For instance, the New York Times quoted Jim Manley, a veteran Democratic strategist, saying, "As a general rule, I think that he’s right that you can’t be held hostage to the news cycle — the man deserves a bit of downtime," said. "But in this particular instance, I think a lot of Democrats flinched a little bit. … (The video of the beheading) was just so shocking that the idea that he was going to immediately run to the golf course was just a little too much for folks. It was tone-deaf."

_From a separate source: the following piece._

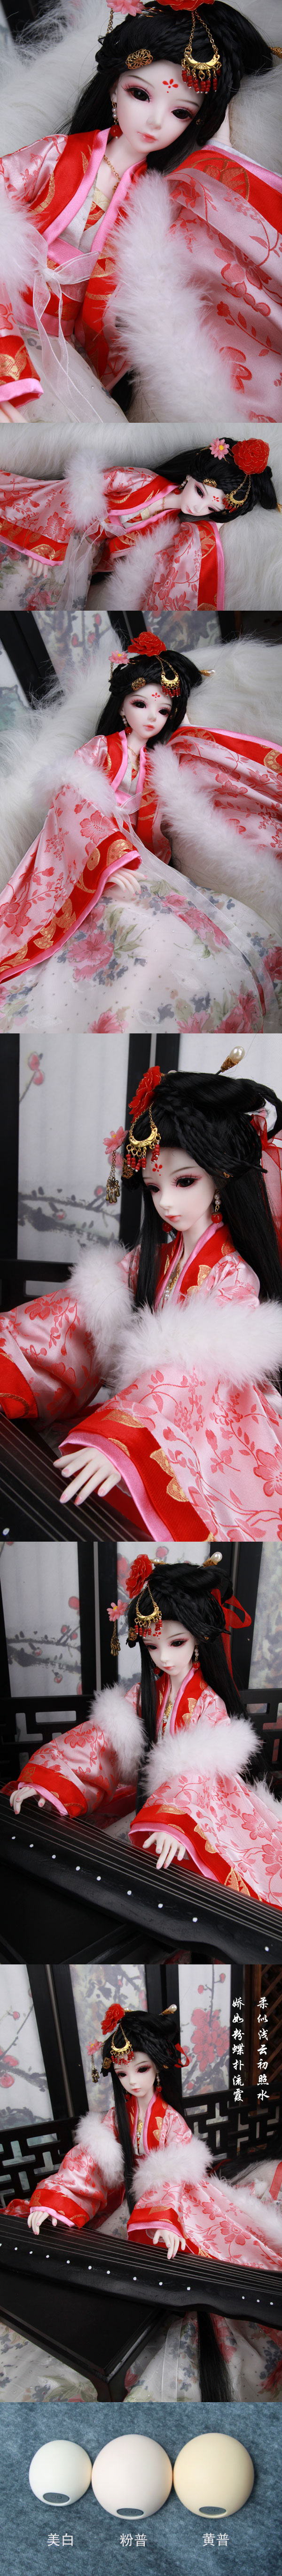 BJD Yue Er Girl 57cm Boll-jointed doll
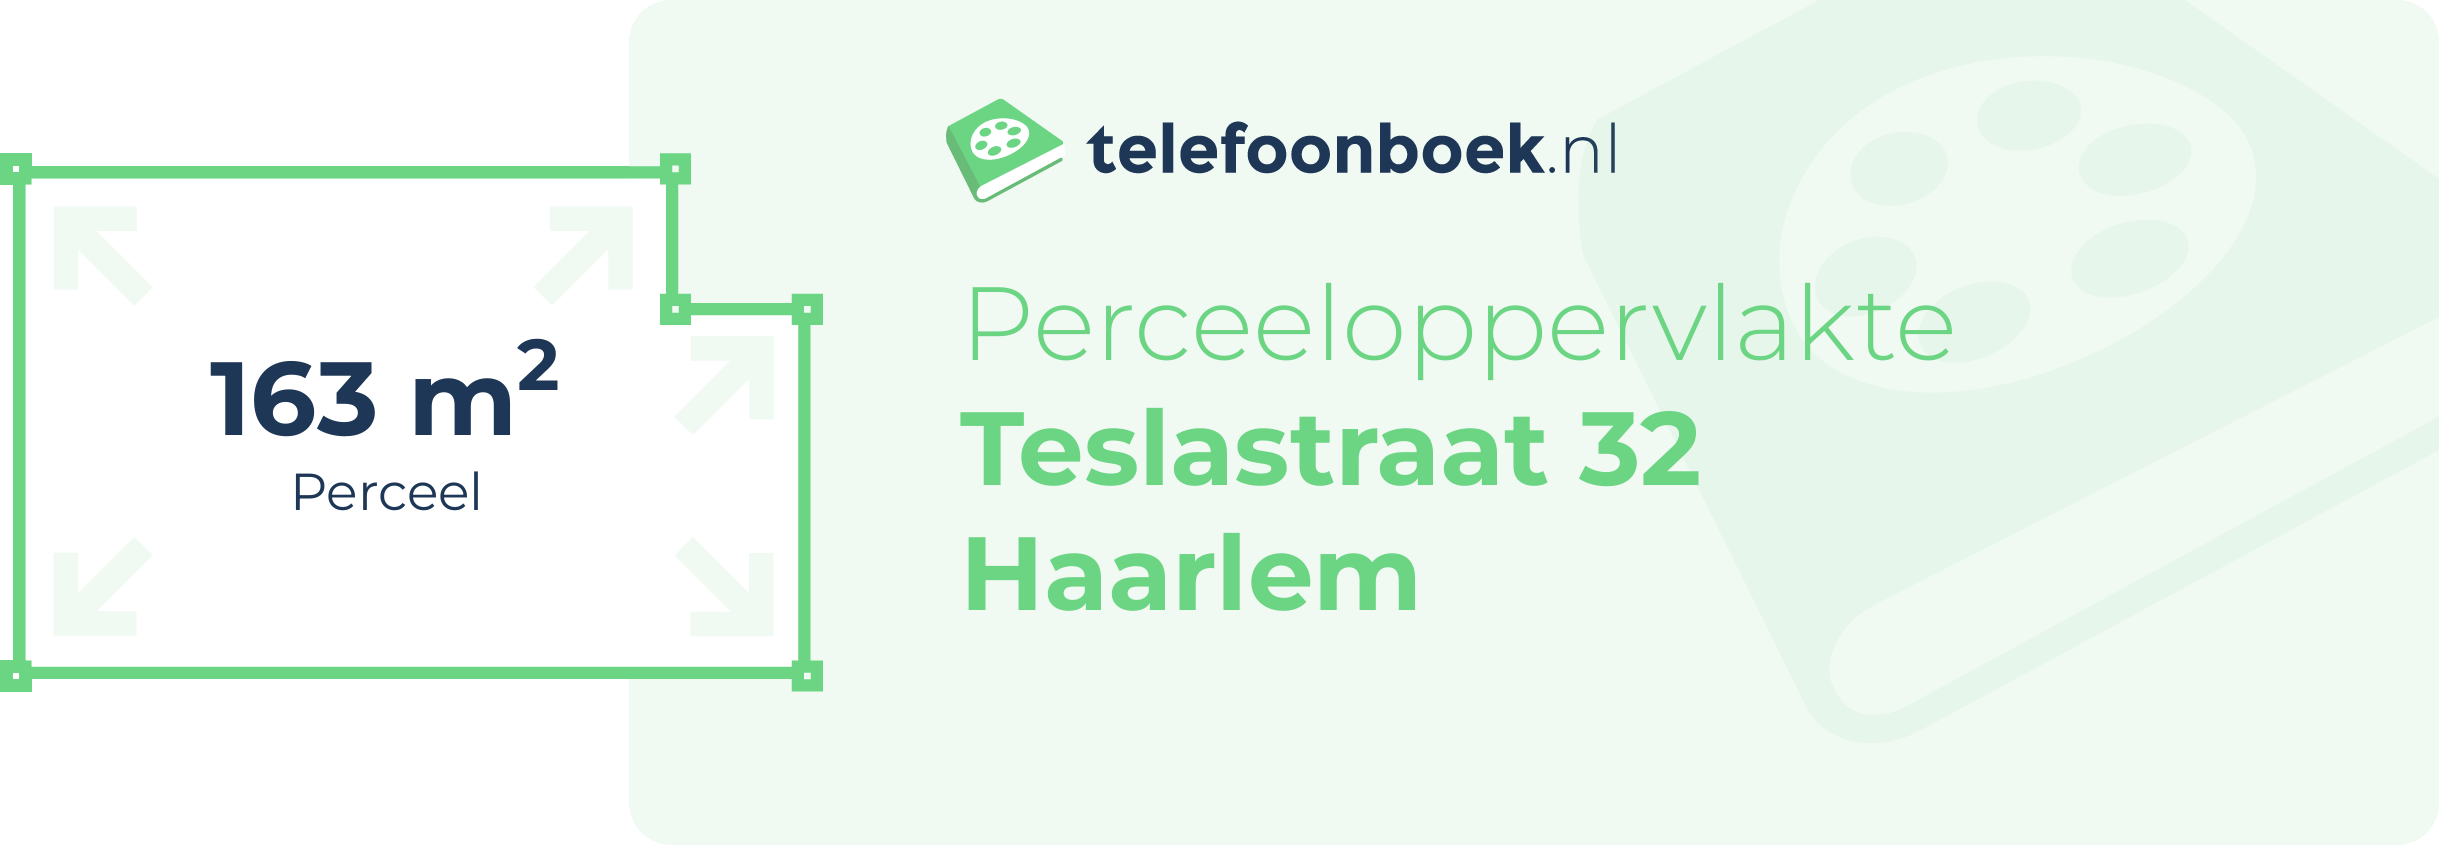 Perceeloppervlakte Teslastraat 32 Haarlem

For the record, CBS White House reporter Mark Knoller, the unofficial chronicler of presidential travels, reports that Obama has taken 19 vacations totaling 125 days so far while in office. That’s far fewer than George W. Bush’s 65 combined trips to his Texas ranch and his parents’ home in Kennebunkport, Maine, which totaled 407 days at the same point in his presidency.
A president, Knoller tweeted, "is never really on ‘vacation.’ The job and responsibilities go with him wherever he is."
This suggests that Obama should know better than to label Congress’ August recess with the broad brush of "vacation."
Obama said Congress is on "vacation." Hypocrisy aside -- Obama was about to go on vacation himself just a week later -- he’s stretching it on the terminology.
During Congress’ August recess -- mandated by a 1970 law -- lawmakers aren’t debating matters on the floor of the House or Senate. But even if they take some dog days off, the recess isn’t a no-work vacation. Lawmakers continue to attend to their districts by holding town halls and other meetings, and many also campaign. On balance, we rate Obama’s claim the same as Perry’s -- Mostly False.